Dla pochodzącego z Indii pracownika Uniwersytetu Śląskiego nasz język od początku nie należał do najłatwiejszych – zarówno w mowie, jak i piśmie. Uczy się go od wielu lat, z coraz lepszymi efektami. Teraz jednak niektóre przyzwojone przez niego zasady się zmienią.
-Podczas kursu języka polskiego wiedziałem, co napisać z małej a co wielką literą. Jak będę miał okazję napisać artykuł naukowy w języku polskim, to trzeba będzie pomyśleć o ortografii też i nauczyć się nowych zasad – mówi Lalta Prasad Baishy, Szkoła Języka i Kultury Polskiej, Uniwersytet Śląski.
Bo pomysł na zmiany, choć budzi wiele kontrowersji, przez ekspertów oceniany jest pozytywnie.
-Mnie się ta reforma podoba. Trzeba zauważyć, że ona dotyczy tylko reguł arbitralnych konwencjonalnych. W ogóle nie narusza materii języka.
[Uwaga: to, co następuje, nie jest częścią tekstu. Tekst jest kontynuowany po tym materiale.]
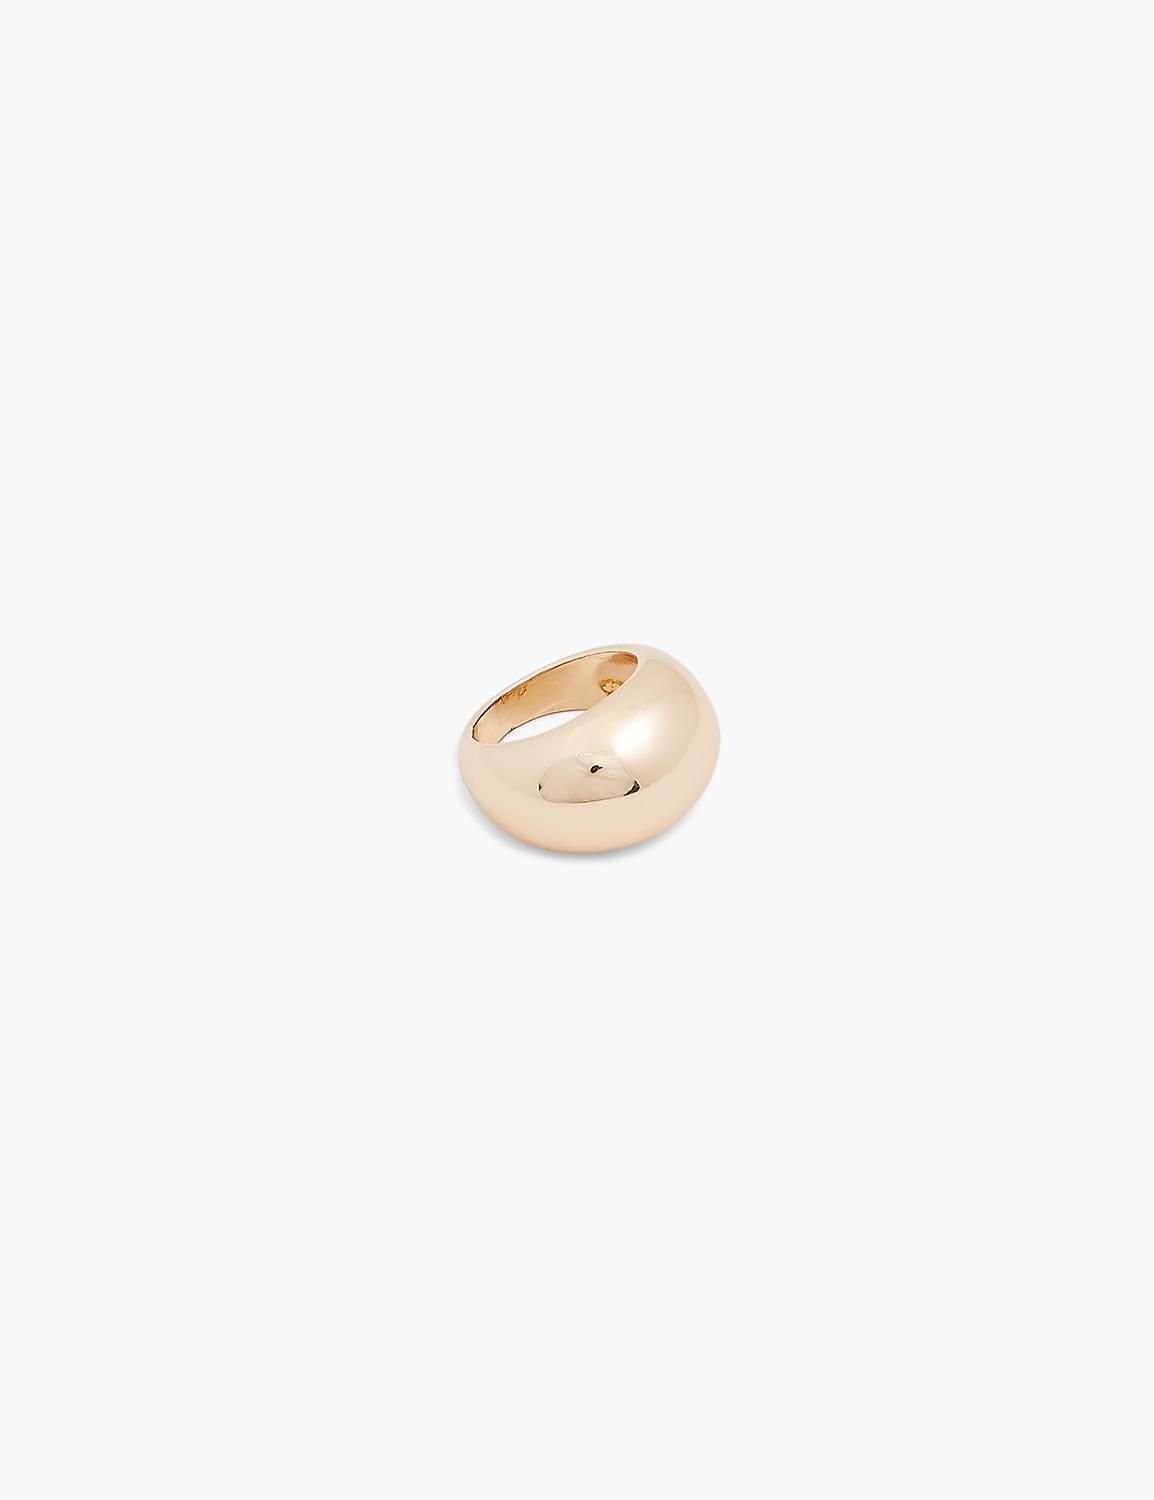 Elevated Dome Ring Product Image 1

To tylko dotyczy dużych i małych liter, pisowni łącznej i rozdzielnej, pisowni z łączniczkiem, kilku przecinków. To są naprawdę reguły, które zostały w różnych tam momentach rozwoju polszczyzny wstawione do ortografii – mówi prof. dr hab. Jolanta Tambor, dyrektor Szkoły Języka i Kultury Polskiej UŚ.
I teraz przeżywają kolejne przeobrażenia. Ci, którzy dopiero uczą się zasad poprawnej polszczyzny, będą mieli pewnie lepiej. Bo planowana „rewolucja” w naszym języku ma im pomóc w unikaniu popełniania błędów.
-Cel, aby ujednolicić i uprościć polską ortografię, która naprawdę nie jest łatwa. Bo lata pracy w szkole pokazują, że jest to pięta achillesowa – nie tylko uczniów, ale także dorosłych. Każdy proces, który będzie zmierzał, by ułatwić nam polską ortografię jest naprawdę słuszny – mówi Agnieszka Maszczyk, Szkoła Podstawowa nr 12 w Katowicach.
A ułatwić ma, m.in. pisanie wielką literą nazw mieszkańców miast, podobnie jak mieszkańców krajów czy łączna pisownia nie z przymiotnikami w stopniu wyższym i najwyższym.
-To chyba jest dostosowanie się do tego, co już funkcjonuje, a nie do tego co byśmy chcieli – mówi Sebastian, mieszkaniec Katowic.
-Mi się wydaje, że utrudni. Za bardzo mieszają ludziom w głowach, po prostu – mówi Barbara, mieszkanka Katowic.
Ciężko powiedzieć. Dla tych co piszą codziennie dużo, to pewnie będzie ciężko na początku się przyzwyczaić. Jak np. ze zmianą daty w nowym roku. Ale pewnie później wejdzie to już w nawyk i przyzwyczaimy się – mówi Piotr, mieszkaniec Katowic.
Na zapoznanie się ze zmianami jest trochę czasu. W życie wejdą oficjalnie od początku 2026 roku.